Seal (FC) v Chief Constable of South Wales Police [2007] UKHL 31

This appeal raised an issue in relation to the construction and application of section 139 of the Mental Health Act 1983 which states at section 139(1) “No person shall be liable, whether on the ground of want of jurisdiction or on any other ground, to any civil or criminal proceedings …. in respect of any act purporting to be done in pursuance of this Act …. “ and at section 139 (2) “No civil proceedings shall be brought against any person in any court in respect of any such act without the leave of the High Court; and no criminal proceedings shall be brought against any person in any court in respect of any such act except by or with the consent of the DPP.”
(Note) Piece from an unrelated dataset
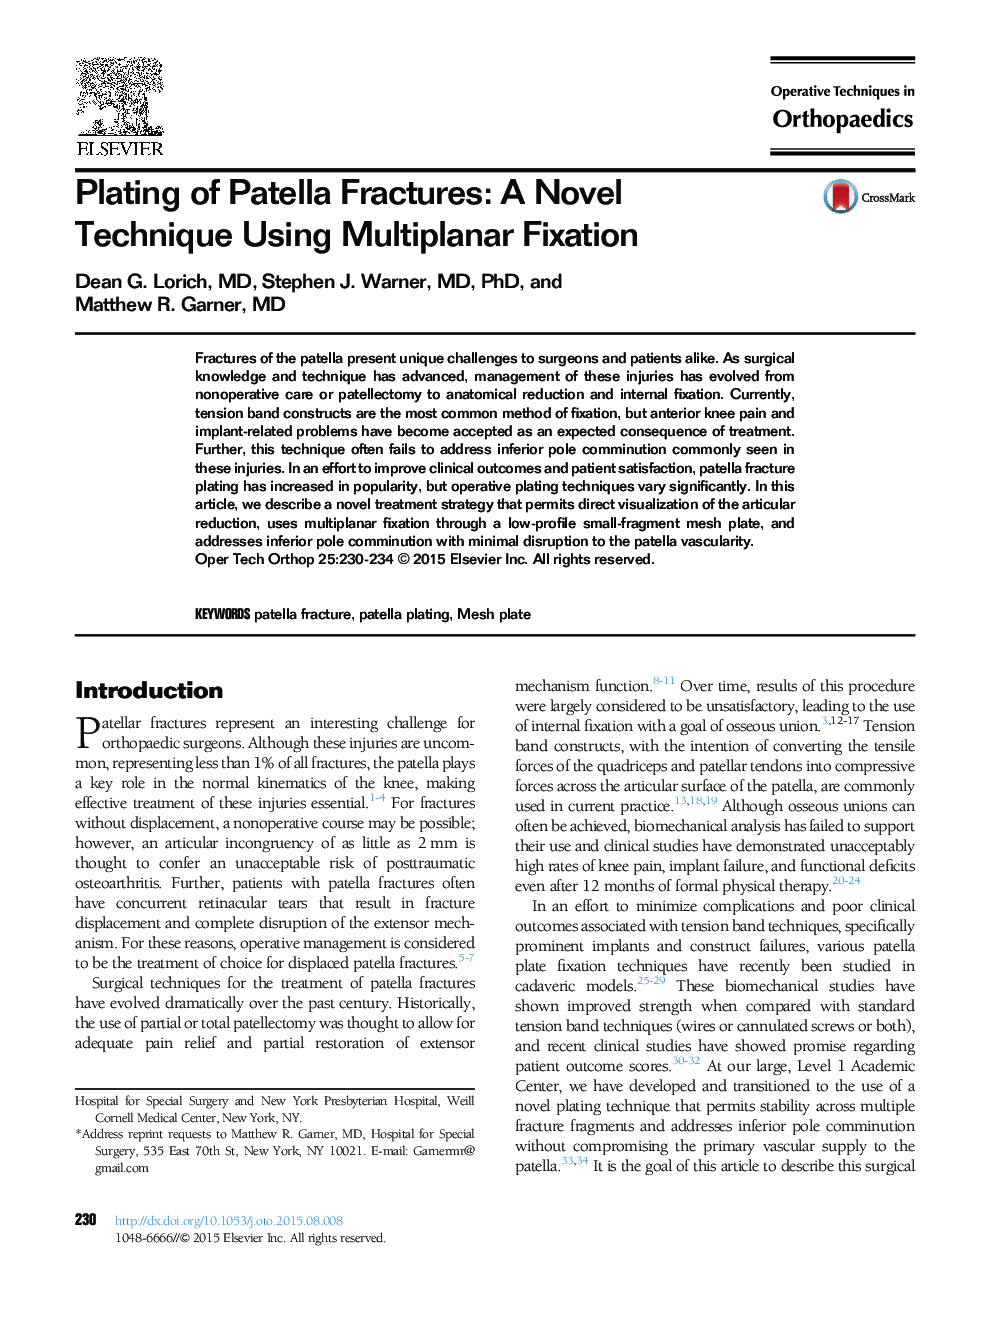 Plating of Patella Fractures: A Novel Technique Using Multiplanar Fixation
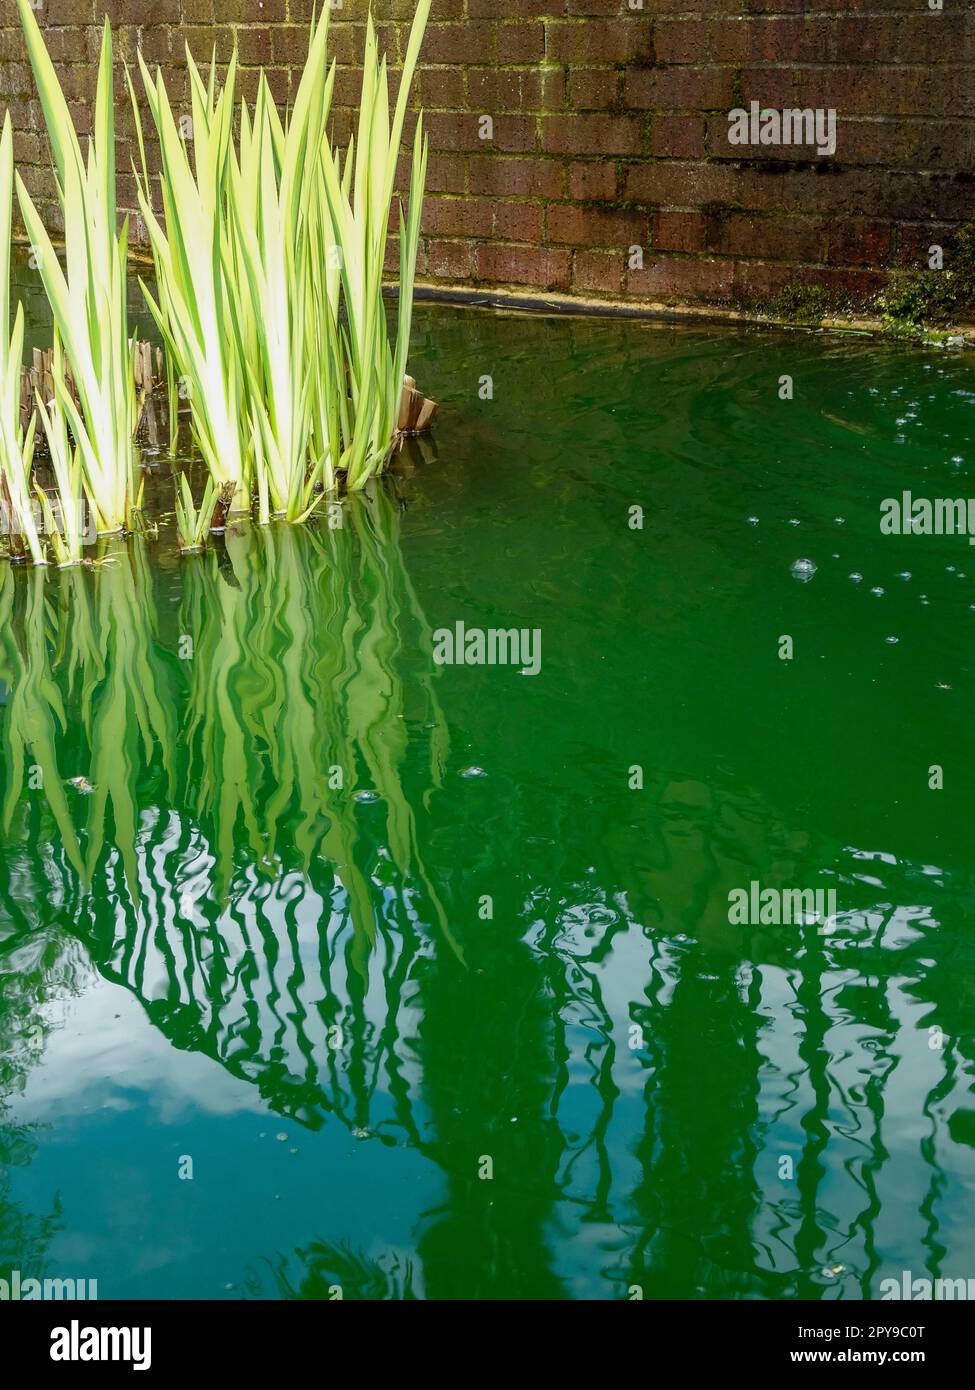 Newly emerging fans of leaves of iris Pseudacorus -Variegatum.  Semi abstract garden pond image in spring Stock Photo

What were the consequences if a claimant brought civil proceedings which required the grant of leave under s139 (2), without obtaining such leave?  The Chief Constable submitted that the obtaining of leave was a jurisdictional condition which rendered invalid any proceedings brought without it.  Seal challenged this interpretation contending that the lack of leave was an irregularity which could be rectified and not a fatal flaw which vitiated proceedings.

The Police had attended the home address of Seal’s mother and arrested him for causing a breach of the peace.  He was then taken outside and as a result of what happened on the street the Police removed Seal to a place of safety under s136 of the Mental Health Act 1983, having been found in a place “to which the public has access” and being in need of “immediate care and control.”  He was detained initially under s136 (2) and then under section 2 and was released after just over a week.  Seal claimed he was unlawfully detained and claimed damages.  The Chief Constable sought to strike out the claim because Seal had not sought the leave of the High Court as required by s139 (2) The Chief Constable’s application was successful in the County and High Court on appeal.  Seal appealed to the House of Lords.  He pointed out that proceedings issued after expiry of the limitation period under section 2 of the Limitation Act 1980 had never been held to be a nullity and the court had been reluctant to find that the effect of failure to comply with a procedural requirement is to render proceedings null R v Secretary of State for the Home Department ex parte Jeyeanthan
In the minority dissenting opinions, Lord Woolf and Baroness Hale argued that by setting a restriction on bringing proceedings, Parliament had intended to confer substantial protection on the defendant if claimant should fail to comply with the requirement, but this did not nullify proceedings.  Generally, the courts tended to prefer substance to form and that lack of compliance should not necessarily invalidate proceedings.  It had not been Parliament’s intention to strike out any claim that was not brought without leave of the court.  To do so might cause grave injustice, albeit in a minority of cases whilst at the same time giving the court discretion to strike out cases to provide protection to defendants.  Access to the courts was a fundamental constitutional right that could only be excluded by express clear language or necessary implication to the contrary.

Lord Bingham delivered the principal judgment of the majority of the House which held that the plain meaning of s139(2) was clear and that there was case law pre-dating the 1983 Act which held that claims issued without obtaining the leave of the High Court were a nullity.  Their Lordships had not been referred to any judicial opinion suggesting that failure to obtain the required leave was a procedural irregularity which might be cured rather than a flaw that rendered proceedings null.  The defendant could still have brought proceedings within the six year limitation period under the 1980 Act which would not have debarred him from prosecuting his claim but he did not do this.  His undoing therefore lay not in his failure to obtain leave under section 139 of the 1983 Act but in his failure to proceed with the generous limitation period under the 1980 Act.

Appeal dismissed

Comment

Baroness Hale made a subsidiary point on what would have been the substantive issue had proceedings been permitted.  There had been a misunderstanding by the Police of the nature of their powers under s136 of 1983 Act.  They were only available in relation to a person “found in a place to which the public have access”.  She suggested that the police had erroneously relied on this power when the reality was that the defendant had been found on private property rather than in a public place.